[Opening Data for review section]

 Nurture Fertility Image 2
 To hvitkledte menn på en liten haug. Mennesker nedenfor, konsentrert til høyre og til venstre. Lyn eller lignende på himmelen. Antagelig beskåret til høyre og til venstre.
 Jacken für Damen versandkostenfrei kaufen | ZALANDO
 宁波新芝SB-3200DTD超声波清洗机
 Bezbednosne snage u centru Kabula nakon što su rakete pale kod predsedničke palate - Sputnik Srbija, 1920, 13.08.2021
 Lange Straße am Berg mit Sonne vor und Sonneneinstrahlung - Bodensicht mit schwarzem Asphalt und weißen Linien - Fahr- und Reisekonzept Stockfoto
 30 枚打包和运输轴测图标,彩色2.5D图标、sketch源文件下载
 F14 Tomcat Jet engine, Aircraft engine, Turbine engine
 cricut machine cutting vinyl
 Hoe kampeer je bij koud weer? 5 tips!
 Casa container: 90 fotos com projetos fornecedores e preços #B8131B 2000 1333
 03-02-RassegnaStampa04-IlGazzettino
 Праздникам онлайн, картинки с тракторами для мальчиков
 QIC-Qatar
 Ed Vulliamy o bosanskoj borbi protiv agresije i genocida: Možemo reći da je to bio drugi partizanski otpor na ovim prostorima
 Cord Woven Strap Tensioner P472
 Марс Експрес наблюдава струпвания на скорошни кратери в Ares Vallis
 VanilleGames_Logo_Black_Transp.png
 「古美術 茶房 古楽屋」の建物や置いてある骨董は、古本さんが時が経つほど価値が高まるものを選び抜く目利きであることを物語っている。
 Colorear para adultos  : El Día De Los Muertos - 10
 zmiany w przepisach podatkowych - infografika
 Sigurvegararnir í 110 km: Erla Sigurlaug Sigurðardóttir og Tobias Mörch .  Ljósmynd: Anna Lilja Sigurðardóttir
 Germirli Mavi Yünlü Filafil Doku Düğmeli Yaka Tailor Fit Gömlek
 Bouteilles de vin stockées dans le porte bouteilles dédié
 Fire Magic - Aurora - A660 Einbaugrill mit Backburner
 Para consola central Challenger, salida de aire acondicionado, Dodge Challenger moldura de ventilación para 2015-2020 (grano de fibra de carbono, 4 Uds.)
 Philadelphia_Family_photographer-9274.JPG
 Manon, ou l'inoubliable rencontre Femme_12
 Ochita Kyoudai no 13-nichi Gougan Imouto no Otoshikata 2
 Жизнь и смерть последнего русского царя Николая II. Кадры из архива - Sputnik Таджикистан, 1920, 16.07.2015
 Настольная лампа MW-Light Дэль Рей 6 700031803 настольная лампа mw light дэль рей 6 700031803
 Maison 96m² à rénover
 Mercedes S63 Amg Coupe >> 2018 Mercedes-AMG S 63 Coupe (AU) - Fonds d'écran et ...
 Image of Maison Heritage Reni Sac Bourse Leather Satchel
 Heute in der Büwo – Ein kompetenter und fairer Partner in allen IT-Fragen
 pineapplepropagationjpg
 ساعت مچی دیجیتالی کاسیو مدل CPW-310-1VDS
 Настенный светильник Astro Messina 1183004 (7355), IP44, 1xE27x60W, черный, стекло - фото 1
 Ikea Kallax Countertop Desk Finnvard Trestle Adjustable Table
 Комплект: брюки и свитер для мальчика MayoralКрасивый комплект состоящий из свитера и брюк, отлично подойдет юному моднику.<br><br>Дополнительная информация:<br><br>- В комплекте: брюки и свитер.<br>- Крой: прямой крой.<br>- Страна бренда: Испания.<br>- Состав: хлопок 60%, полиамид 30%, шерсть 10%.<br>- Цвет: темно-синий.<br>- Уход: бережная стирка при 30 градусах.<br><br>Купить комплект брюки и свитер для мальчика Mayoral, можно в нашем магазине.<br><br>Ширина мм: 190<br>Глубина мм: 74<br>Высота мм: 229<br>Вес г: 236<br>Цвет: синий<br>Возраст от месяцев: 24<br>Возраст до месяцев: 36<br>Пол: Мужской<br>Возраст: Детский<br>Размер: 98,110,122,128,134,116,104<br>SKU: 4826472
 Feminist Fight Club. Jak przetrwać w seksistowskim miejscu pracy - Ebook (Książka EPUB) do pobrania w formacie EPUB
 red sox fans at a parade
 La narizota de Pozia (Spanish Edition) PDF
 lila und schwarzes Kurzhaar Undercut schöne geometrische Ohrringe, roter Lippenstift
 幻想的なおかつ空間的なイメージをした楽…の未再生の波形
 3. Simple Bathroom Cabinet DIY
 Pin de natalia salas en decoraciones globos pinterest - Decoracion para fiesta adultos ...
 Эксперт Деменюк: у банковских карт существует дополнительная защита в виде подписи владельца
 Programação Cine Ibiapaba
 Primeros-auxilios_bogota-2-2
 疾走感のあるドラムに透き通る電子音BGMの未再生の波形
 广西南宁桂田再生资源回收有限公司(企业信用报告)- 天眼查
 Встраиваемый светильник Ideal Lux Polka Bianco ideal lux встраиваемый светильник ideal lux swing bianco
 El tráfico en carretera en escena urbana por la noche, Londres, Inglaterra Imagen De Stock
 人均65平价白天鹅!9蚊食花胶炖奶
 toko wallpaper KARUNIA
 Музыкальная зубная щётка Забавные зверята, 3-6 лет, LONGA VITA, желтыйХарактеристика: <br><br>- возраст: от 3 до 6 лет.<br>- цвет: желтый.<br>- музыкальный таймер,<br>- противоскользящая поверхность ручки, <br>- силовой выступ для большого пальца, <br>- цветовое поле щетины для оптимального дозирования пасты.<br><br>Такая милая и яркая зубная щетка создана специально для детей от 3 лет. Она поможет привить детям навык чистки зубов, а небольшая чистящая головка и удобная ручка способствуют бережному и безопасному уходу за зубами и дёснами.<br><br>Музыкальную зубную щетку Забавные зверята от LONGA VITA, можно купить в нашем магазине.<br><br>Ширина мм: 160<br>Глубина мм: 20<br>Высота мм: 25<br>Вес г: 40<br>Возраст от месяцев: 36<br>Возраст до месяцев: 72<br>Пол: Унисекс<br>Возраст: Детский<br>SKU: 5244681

[Closing Data for review section]

What to do: Every record in the listing above is to be copied exactly.

Solved exercise:
 Nurture Fertility Image 2
 To hvitkledte menn på en liten haug. Mennesker nedenfor, konsentrert til høyre og til venstre. Lyn eller lignende på himmelen. Antagelig beskåret til høyre og til venstre.
 Jacken für Damen versandkostenfrei kaufen | ZALANDO
 宁波新芝SB-3200DTD超声波清洗机
 Bezbednosne snage u centru Kabula nakon što su rakete pale kod predsedničke palate - Sputnik Srbija, 1920, 13.08.2021
 Lange Straße am Berg mit Sonne vor und Sonneneinstrahlung - Bodensicht mit schwarzem Asphalt und weißen Linien - Fahr- und Reisekonzept Stockfoto
 30 枚打包和运输轴测图标,彩色2.5D图标、sketch源文件下载
 F14 Tomcat Jet engine, Aircraft engine, Turbine engine
 cricut machine cutting vinyl
 Hoe kampeer je bij koud weer? 5 tips!
 Casa container: 90 fotos com projetos fornecedores e preços #B8131B 2000 1333
 03-02-RassegnaStampa04-IlGazzettino
 Праздникам онлайн, картинки с тракторами для мальчиков
 QIC-Qatar
 Ed Vulliamy o bosanskoj borbi protiv agresije i genocida: Možemo reći da je to bio drugi partizanski otpor na ovim prostorima
 Cord Woven Strap Tensioner P472
 Марс Експрес наблюдава струпвания на скорошни кратери в Ares Vallis
 VanilleGames_Logo_Black_Transp.png
 「古美術 茶房 古楽屋」の建物や置いてある骨董は、古本さんが時が経つほど価値が高まるものを選び抜く目利きであることを物語っている。
 Colorear para adultos  : El Día De Los Muertos - 10
 zmiany w przepisach podatkowych - infografika
 Sigurvegararnir í 110 km: Erla Sigurlaug Sigurðardóttir og Tobias Mörch .  Ljósmynd: Anna Lilja Sigurðardóttir
 Germirli Mavi Yünlü Filafil Doku Düğmeli Yaka Tailor Fit Gömlek
 Bouteilles de vin stockées dans le porte bouteilles dédié
 Fire Magic - Aurora - A660 Einbaugrill mit Backburner
 Para consola central Challenger, salida de aire acondicionado, Dodge Challenger moldura de ventilación para 2015-2020 (grano de fibra de carbono, 4 Uds.)
 Philadelphia_Family_photographer-9274.JPG
 Manon, ou l'inoubliable rencontre Femme_12
 Ochita Kyoudai no 13-nichi Gougan Imouto no Otoshikata 2
 Жизнь и смерть последнего русского царя Николая II. Кадры из архива - Sputnik Таджикистан, 1920, 16.07.2015
 Настольная лампа MW-Light Дэль Рей 6 700031803 настольная лампа mw light дэль рей 6 700031803
 Maison 96m² à rénover
 Mercedes S63 Amg Coupe >> 2018 Mercedes-AMG S 63 Coupe (AU) - Fonds d'écran et ...
 Image of Maison Heritage Reni Sac Bourse Leather Satchel
 Heute in der Büwo – Ein kompetenter und fairer Partner in allen IT-Fragen
 pineapplepropagationjpg
 ساعت مچی دیجیتالی کاسیو مدل CPW-310-1VDS
 Настенный светильник Astro Messina 1183004 (7355), IP44, 1xE27x60W, черный, стекло - фото 1
 Ikea Kallax Countertop Desk Finnvard Trestle Adjustable Table
 Комплект: брюки и свитер для мальчика MayoralКрасивый комплект состоящий из свитера и брюк, отлично подойдет юному моднику.<br><br>Дополнительная информация:<br><br>- В комплекте: брюки и свитер.<br>- Крой: прямой крой.<br>- Страна бренда: Испания.<br>- Состав: хлопок 60%, полиамид 30%, шерсть 10%.<br>- Цвет: темно-синий.<br>- Уход: бережная стирка при 30 градусах.<br><br>Купить комплект брюки и свитер для мальчика Mayoral, можно в нашем магазине.<br><br>Ширина мм: 190<br>Глубина мм: 74<br>Высота мм: 229<br>Вес г: 236<br>Цвет: синий<br>Возраст от месяцев: 24<br>Возраст до месяцев: 36<br>Пол: Мужской<br>Возраст: Детский<br>Размер: 98,110,122,128,134,116,104<br>SKU: 4826472
 Feminist Fight Club. Jak przetrwać w seksistowskim miejscu pracy - Ebook (Książka EPUB) do pobrania w formacie EPUB
 red sox fans at a parade
 La narizota de Pozia (Spanish Edition) PDF
 lila und schwarzes Kurzhaar Undercut schöne geometrische Ohrringe, roter Lippenstift
 幻想的なおかつ空間的なイメージをした楽…の未再生の波形
 3. Simple Bathroom Cabinet DIY
 Pin de natalia salas en decoraciones globos pinterest - Decoracion para fiesta adultos ...
 Эксперт Деменюк: у банковских карт существует дополнительная защита в виде подписи владельца
 Programação Cine Ibiapaba
 Primeros-auxilios_bogota-2-2
 疾走感のあるドラムに透き通る電子音BGMの未再生の波形
 广西南宁桂田再生资源回收有限公司(企业信用报告)- 天眼查
 Встраиваемый светильник Ideal Lux Polka Bianco ideal lux встраиваемый светильник ideal lux swing bianco
 El tráfico en carretera en escena urbana por la noche, Londres, Inglaterra Imagen De Stock
 人均65平价白天鹅!9蚊食花胶炖奶
 toko wallpaper KARUNIA
 Музыкальная зубная щётка Забавные зверята, 3-6 лет, LONGA VITA, желтыйХарактеристика: <br><br>- возраст: от 3 до 6 лет.<br>- цвет: желтый.<br>- музыкальный таймер,<br>- противоскользящая поверхность ручки, <br>- силовой выступ для большого пальца, <br>- цветовое поле щетины для оптимального дозирования пасты.<br><br>Такая милая и яркая зубная щетка создана специально для детей от 3 лет. Она поможет привить детям навык чистки зубов, а небольшая чистящая головка и удобная ручка способствуют бережному и безопасному уходу за зубами и дёснами.<br><br>Музыкальную зубную щетку Забавные зверята от LONGA VITA, можно купить в нашем магазине.<br><br>Ширина мм: 160<br>Глубина мм: 20<br>Высота мм: 25<br>Вес г: 40<br>Возраст от месяцев: 36<br>Возраст до месяцев: 72<br>Пол: Унисекс<br>Возраст: Детский<br>SKU: 5244681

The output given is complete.